§ WHAT TO DO
In the records below, the relevant part opens with the line containing "Luna-3 - Première" and closes with the line containing "International flower deliveries"; print that part exactly and only, without its pictures.

§ DATASET EXCERPTS
* * * * * * * * *

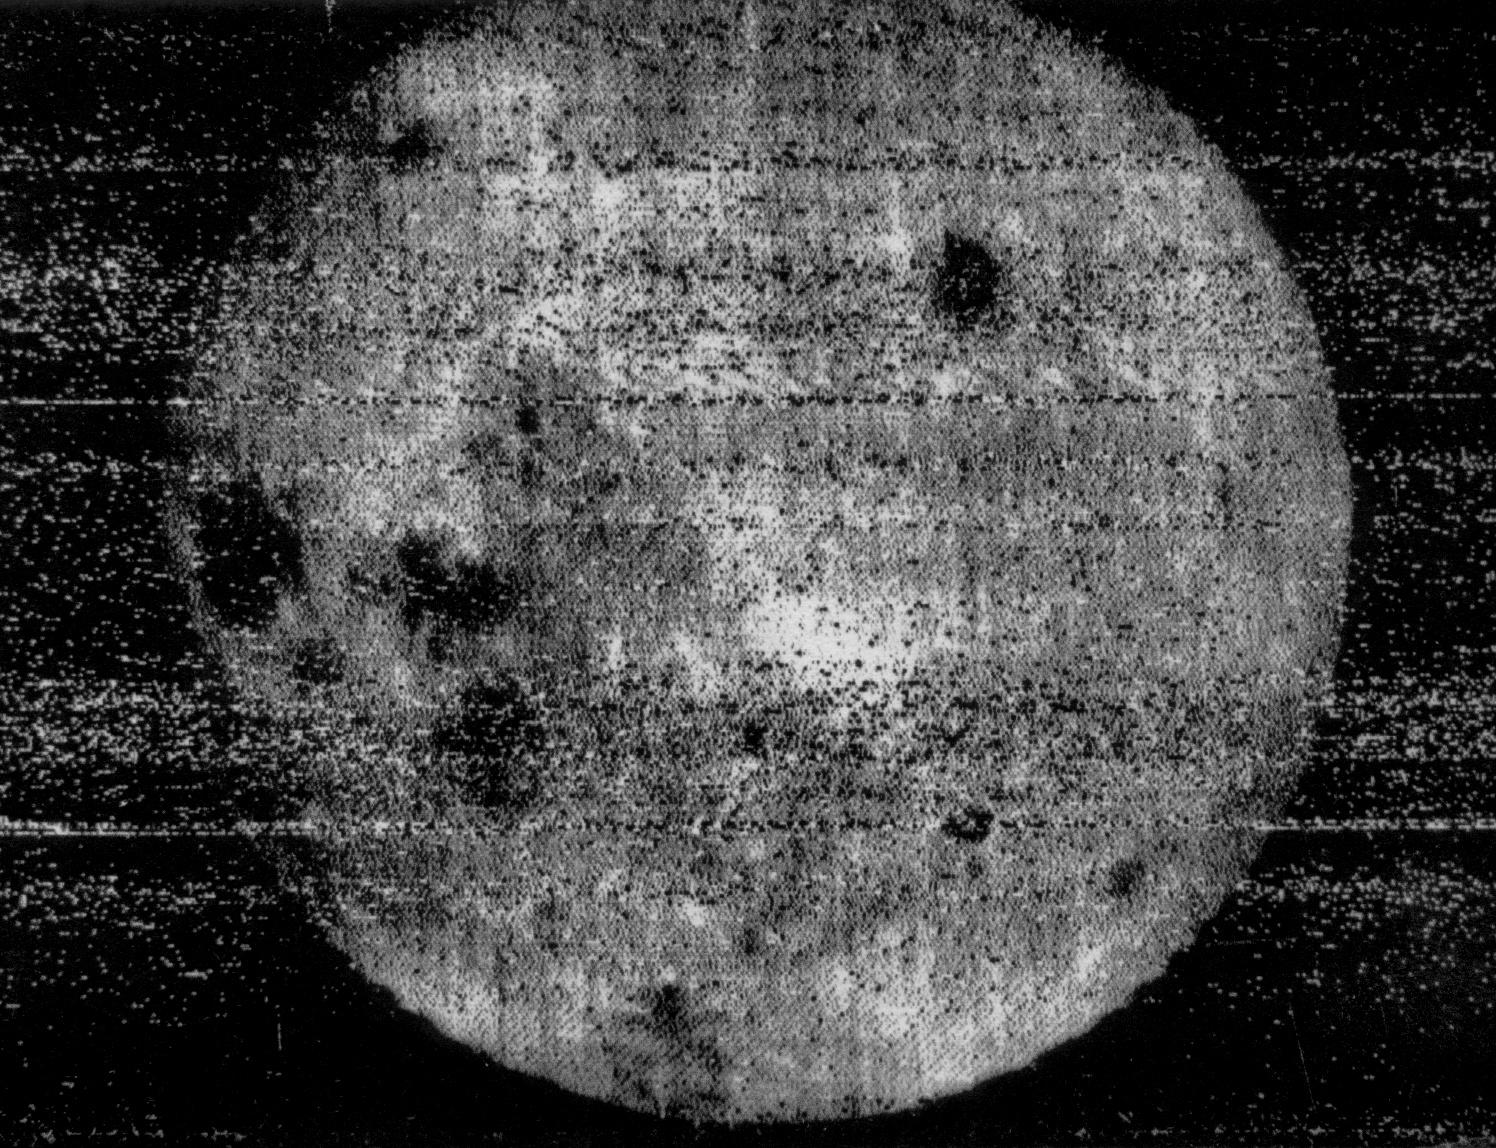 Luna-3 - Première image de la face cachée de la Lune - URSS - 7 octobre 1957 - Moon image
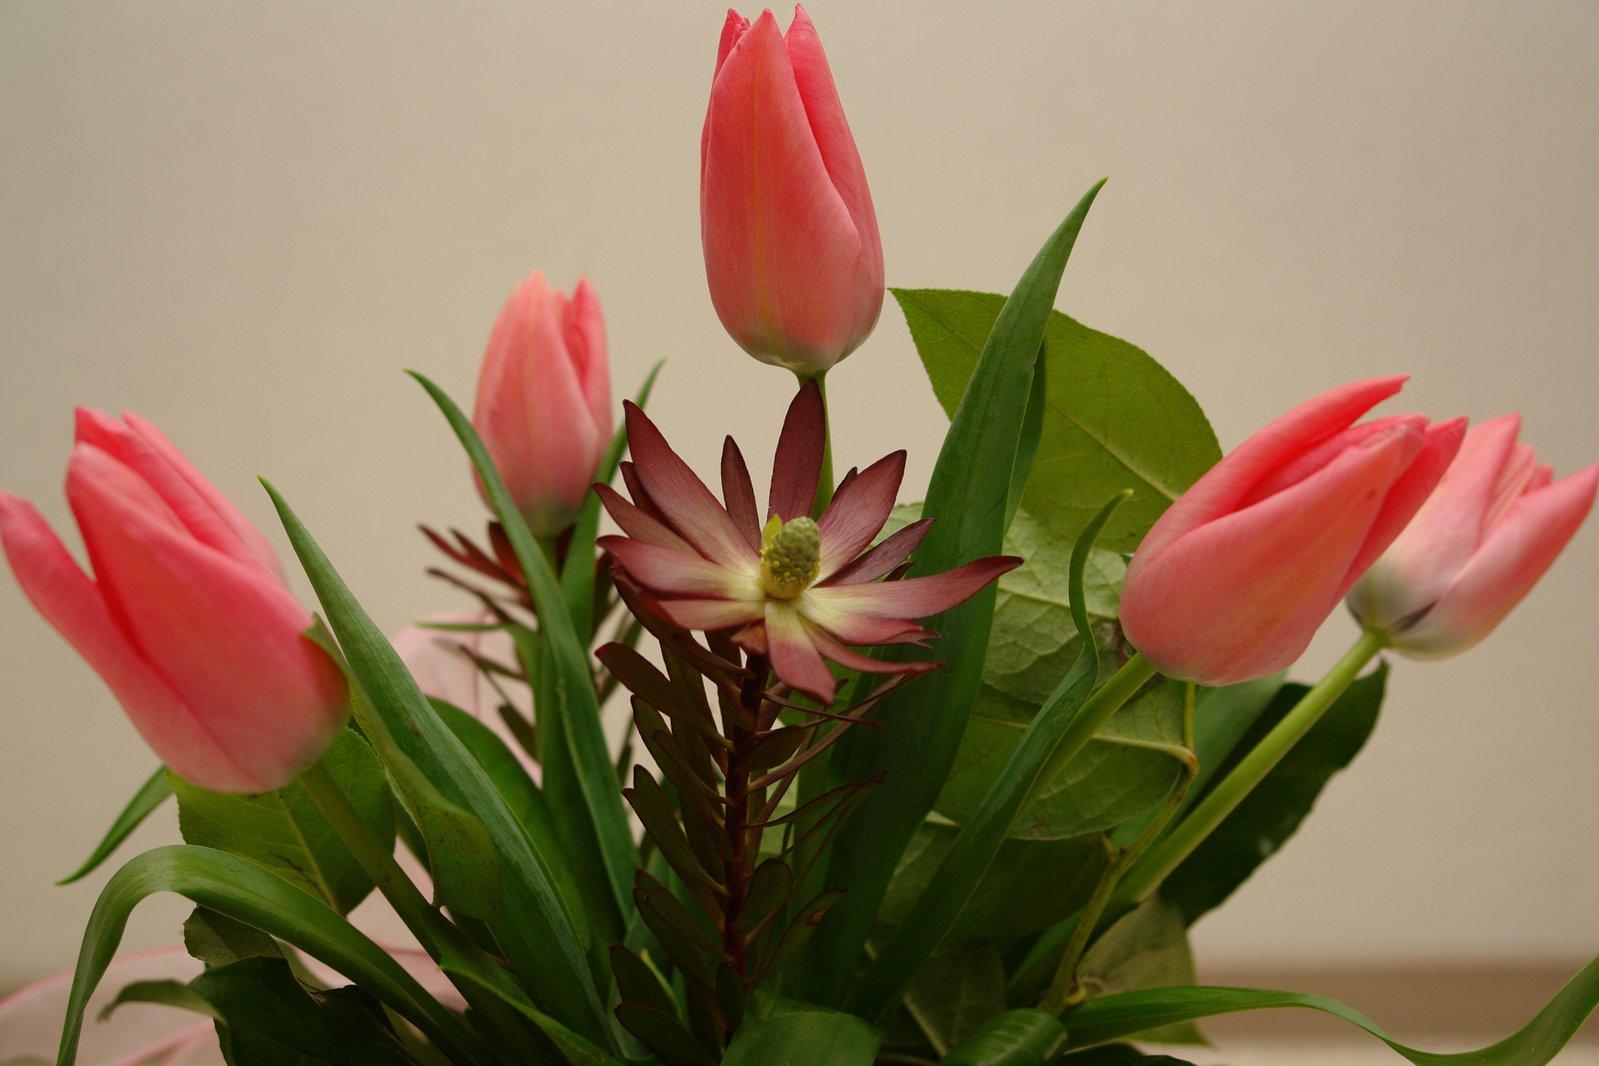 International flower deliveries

* * * * * * * * *

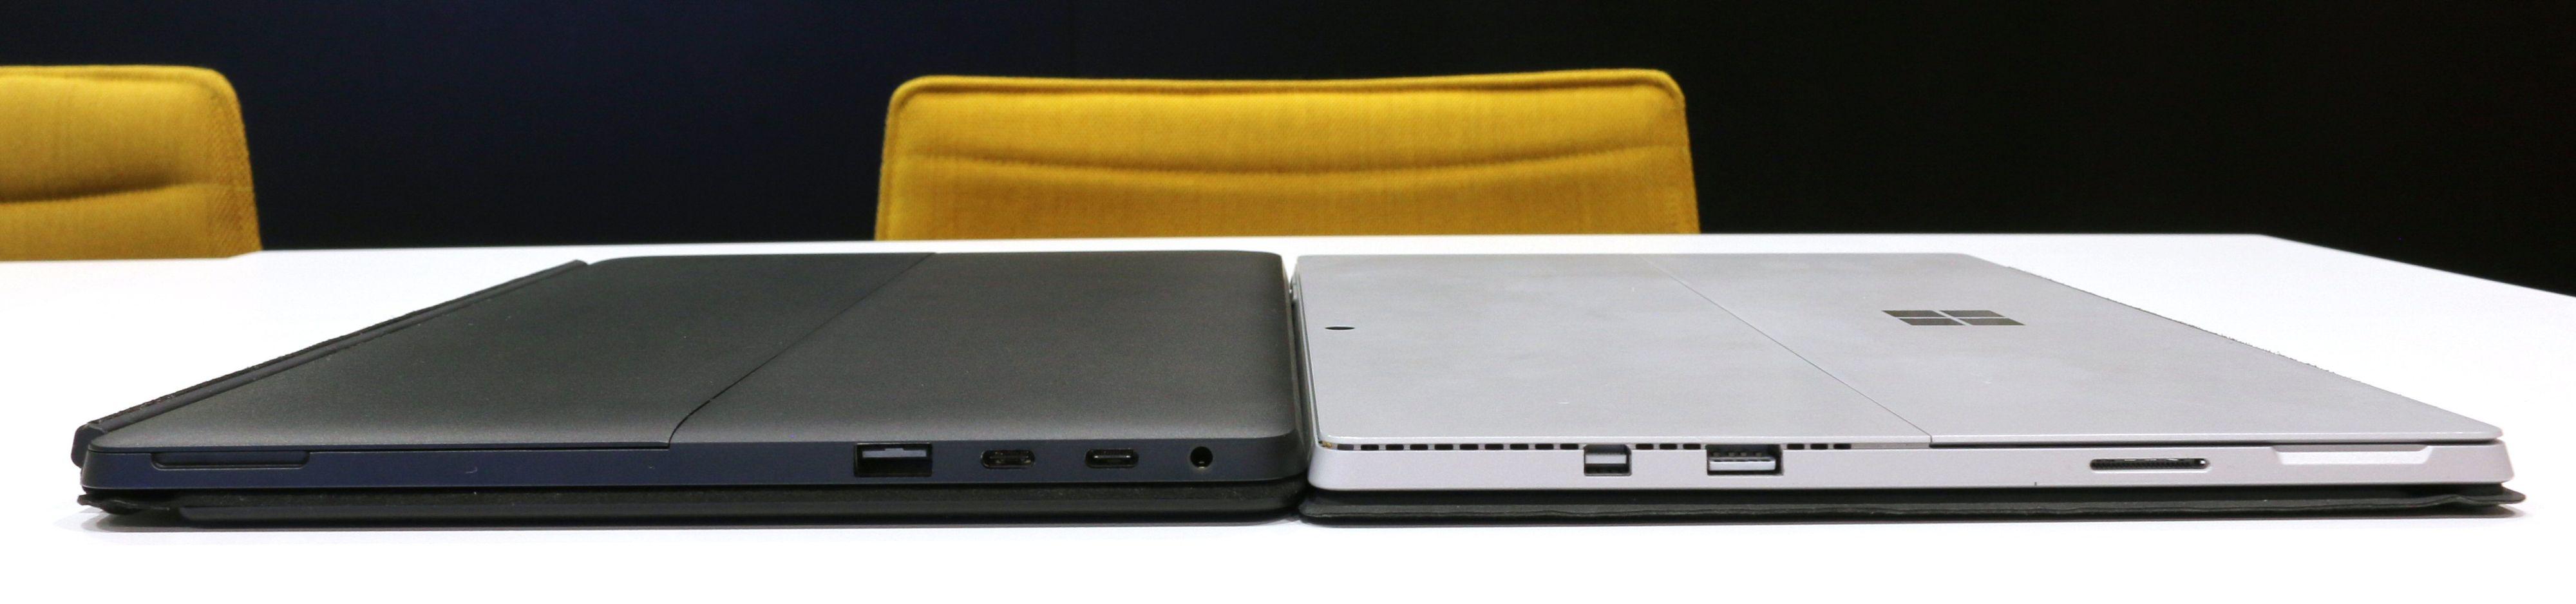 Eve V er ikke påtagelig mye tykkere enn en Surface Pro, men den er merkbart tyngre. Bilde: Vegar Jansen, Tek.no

* * * * * * * * *

§ SOLUTION TO THE EXERCISE
 Luna-3 - Première image de la face cachée de la Lune - URSS - 7 octobre 1957 - Moon image
 International flower deliveries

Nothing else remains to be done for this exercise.